Зато Едиге чуть не выскочил из своего угла, чуть не взорвался… Но вспомнил, что находится на наблюдательном пункте и не должен обнаруживать себя перед противником. К тому же, честно говоря, он не очень-то прислушивался к тому, что там плетет Бердибек…

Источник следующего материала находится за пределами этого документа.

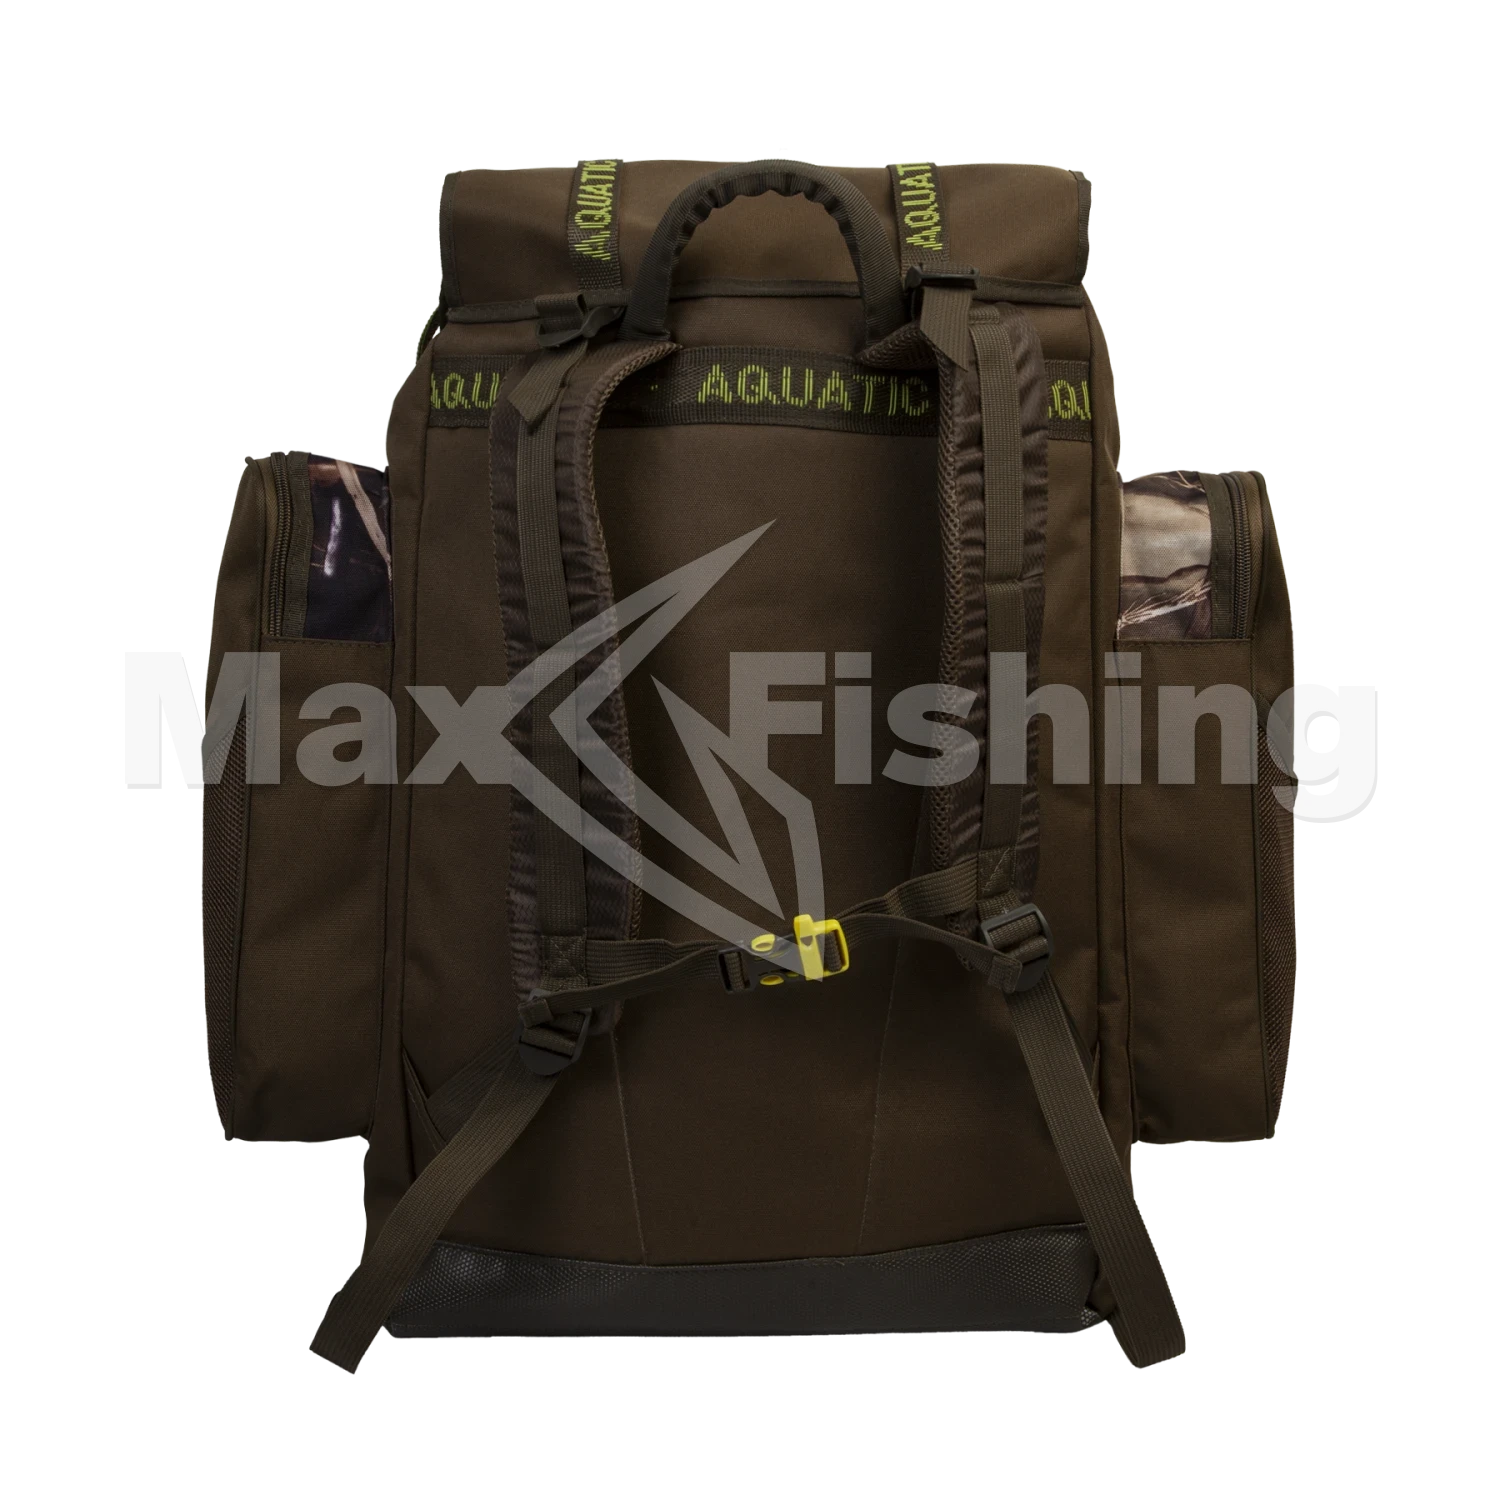 Рюкзак рыболовный Aquatic Р-60

Он смотрел на Гульшат, на ее лицо — бледное, застывшее… То ли она вконец продрогла на морозе, то ли ее, как и Бердибека, рассердила упрямая старуха… Войдя в общежитие, она попыталась ей улыбнуться, но из улыбки ничего не получилось, она тут же растаяла на губах у Гульшат, — растаяла, пропала. Губы ей не повиновались. А глаза… Однажды на автобусной остановке он увидел девушку лет двадцати, слепую, в обеих глазницах у нее были вставлены протезы, из стекла или пластмассы, из чего их делают, Едиге не знал, но сделаны они были мастерски, сразу не заметишь, не отличишь… Тем более, что и осанка у девушки была независимая, гордая, и улыбалась она чему-то, беседуя со своим спутником, но в глазах ее — вот что сразу бросилось Едиге — не было тепла, не было света жизни, мертвым, неживым блеском они блестели… У Гульшат, подумал он, точно такие же глаза — чужие, закоченевшие, мертвые.

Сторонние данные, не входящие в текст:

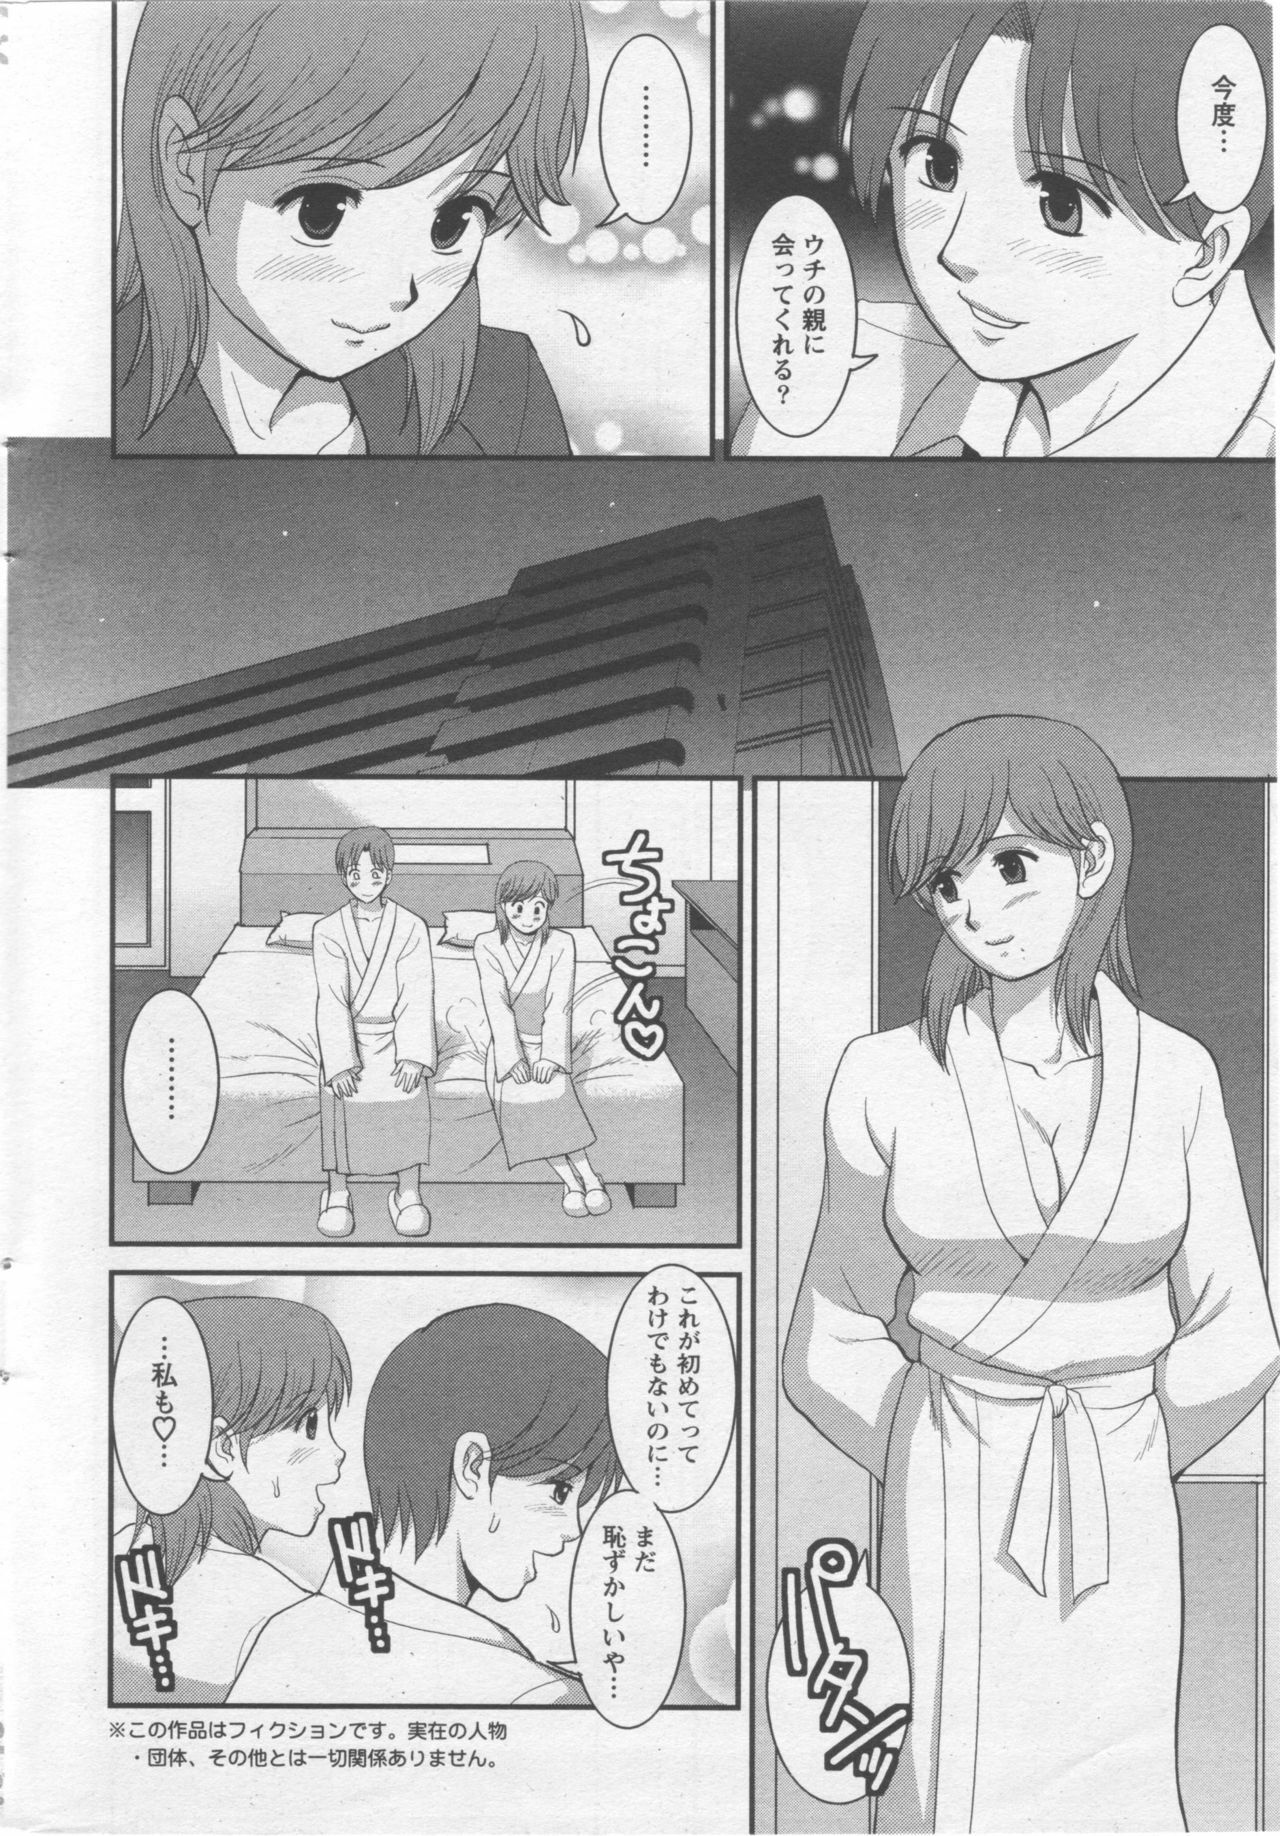 Haken no Muuko-san 10 [Saigado] page 11 full

И пока Бердибек поучал старуху-вахтершу, пока толковал ей о правах и обязанностях, Гульшат стояла как бы в стороне, вдалеке. Казалось, разговор ее не касается. Слышала она его или нет, по лицу было не определить. Только когда Бердибек — в который раз! — повторил: «Со мной шутки плохи!..» — она хотела ему что-то сказать, но то ли не осмелилась, то ли неловко было перед вахтершей — вмешиваться, перебивать его… И Гульшат обратилась к ней — мягко, просяще:
— Извините нас… Это я во всем виновата…
— Милая, — сказала та, покачав головой, — милая, если бы я была умной да ученой, я бы, может, сама научила кое-кого уму-разуму, а вот приходится терпеть и слушать на старости лет, как позорят последними словами… А тебе, дочка, я добра желаю, подумай хорошенько, правильную ли дорожку ты выбрала… — Она огорченно махнула рукой и поплелась к дивану.
Гульшат, глядя ей в спину, проводила старуху глазами. По ее лицу трудно было понять, как отнеслась она к услышанному.

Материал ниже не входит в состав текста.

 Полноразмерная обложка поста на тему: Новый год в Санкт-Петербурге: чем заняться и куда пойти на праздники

Бердибек, неуверенно переминавшийся подле Гульшат, потянулся было взять ее под руку и увести, но она повела плечом и высвободила локоть. Он попытался повторить свой маневр, и снова неудачно. Впрочем, особенной решительности в ее движениях не ощущалось. В третий раз она бы уступила, подумал Едиге, наблюдая из своей засады, как они рядом, но все же порознь шли к лестнице.
Неужели ей нравится Бердибек?.. Если нет, то с чего бы стала она таскаться с ним до полночи, ходить в кино или еще куда-то, откуда ему знать, куда они ходили… Но если ей неприятно даже его прикосновение и она отдергивает локоть… Минутное раздражение?.. Каприз?.. Едиге терялся, стараясь ответить на эти вопросы. Все спуталось в его голове, один ответ противоречил другому, мысли были сумбурные, он так ни на чем и не остановился. «Впрочем, не все ли мне равно, что там и как у них складывается… — подумал он. — Это уж не моя забота…»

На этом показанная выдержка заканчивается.